Что касается невымышленной реальности, то, помимо возникшего именно в середине 1870‐х годов редстокизма, о референциях к которому в АК ведется речь в гл. 4 наст. изд., в петербургской аристократии еще до того имелись также последователи так называемой Вселенской апостольской церкви, зародившейся еще в 1830‐х годах в Англии, или «ирвингисты» (от имени проповедника Э. Ирвинга). Среди них во второй половине 1870‐х была особенно активна лично знакомая Толстому по его заграничным встречам начала 1860‐х годов княжна Мария Михайловна Дондукова-Корсакова (1828–1909), широко известная своей благотворительной деятельностью – и отчасти похожая на некую комбинацию из черт мадам Шталь и Вареньки (см. записи о беседах с Дондуковой-Корсаковой и об ирвингистских чтениях в дневнике А. А. Толстой: РГАЛИ. Ф. 318. Оп. 2. Д. 43. Л. 99–100, 102, 103 (записи от 15, 22 января, 5 и 15 февраля 1875 г.); см. также: Мазур Т. Р. Дондукова-Корсакова Мария Михайловна // Лев Толстой и его современники: Энциклопедия / Под общ. ред. Н. И. Бурнашевой. Вып. 3. Тула, 2016. С. 178–181; Переписка Л. Н. Толстого с сестрой и братьями / Сост., подгот. текста, комм. Н. А. Калининой, В. В. Лозбяковой, Т. Г. Никифоровой. М.: Худож. лит., 1990. С. 231–232, 238–239, 241–247).

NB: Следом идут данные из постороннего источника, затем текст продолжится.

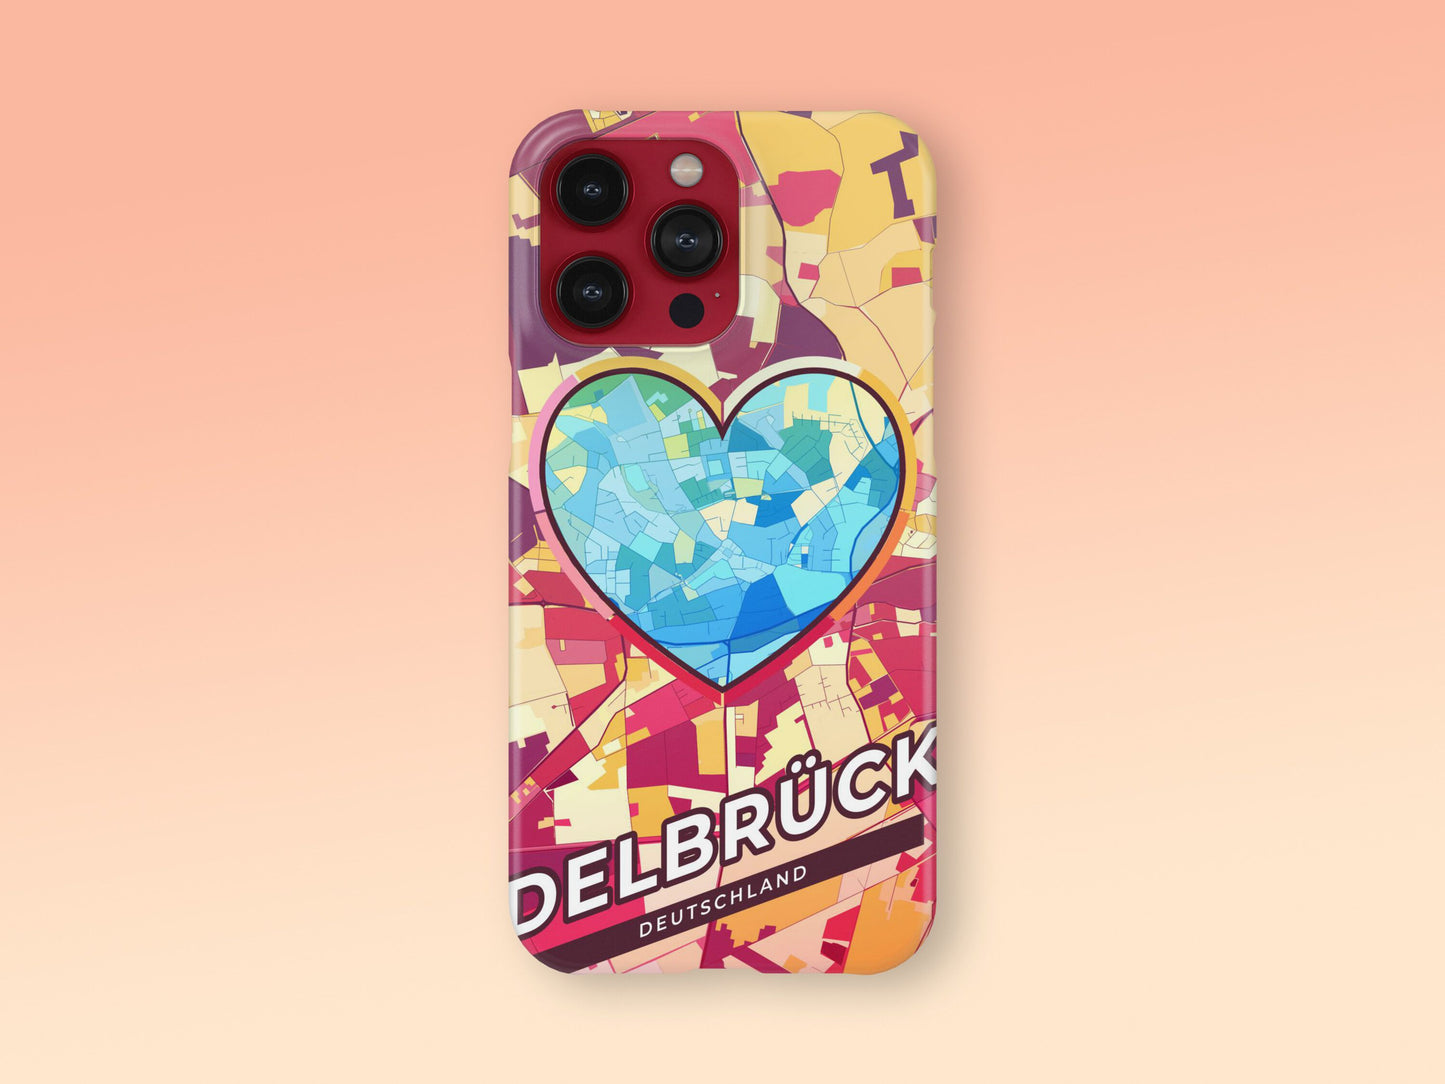 Delbrück Deutschland slim phone case with colorful icon. Birthday, wedding or housewarming gift. Couple match cases. 2

Согласно семейному преданию (см.: Толстой С. Л. Об отражении жизни в «Анне Карениной». Из воспоминаний С. Л. Толстого // Литературное наследство. Т. 37/38. М., 1939. С. 576), прототипами мадам Шталь и Вареньки послужили, соответственно, старшая родственница М. М. Дондуковой-Корсаковой княгиня Елена Александровна Голицына, в 1860 году во Франции помогавшая Толстому и его сестре ухаживать за их смертельно больным братом Николаем, и ее племянница Екатерина Александровна Корсакова, которою Толстой был тогда же мимолетно увлечен. О личности Е. Корсаковой известно совсем немного; из сохранившегося же письма Е. Голицыной Толстому, где та деликатно убеждает адресата в необходимости откровенно объясниться с Корсаковой о своих намерениях, не проступает ни чопорности, ни святошества, свойственных мадам Шталь (ОР ГМТ. Ф. 1. № 144/19–2 (письмо б. д., датируется началом апреля н. ст. 1861 года на основании содержания и в сопоставлении с дневниковой записью Толстого от 6/18 апреля того же года [Юб. Т. 48. С. 34]); см. также: Дробат Л. С. Голицына Елена Александровна // Лев Толстой и его современники. Вып. 3. С. 141 [утверждение автора, что письма Голицыной Толстому не сохранились, ошибочно]).
119
Р28: 4. Как и во многих других случаях, ОТ здесь менее прямолинеен: Каренин – религиозный, но считающий нужным следить за новинками вполне мирской поэзии – читает Duc de Lille, «Poésie des enfers» (111/1:33).
120
Тургенев И. С. Полн. собр. соч. и писем. Т. 7. С. 405–406. См. также: Кийко Е. И. Комментарии. Там же. С. 556–557. Тот же кружок очерчен всего несколькими штрихами, но с ясно читающимся намеком на влияние императрицы в одной из повестей А. Н. Апухтина, действие которой происходит в начале 1870‐х: Апухтин А. Н. Архив графини Д**. Повесть в письмах // Он же. Сочинения: Стихотворения; Проза. М.: Худож. лит., 1985. С. 401–441, см. в особ. 437.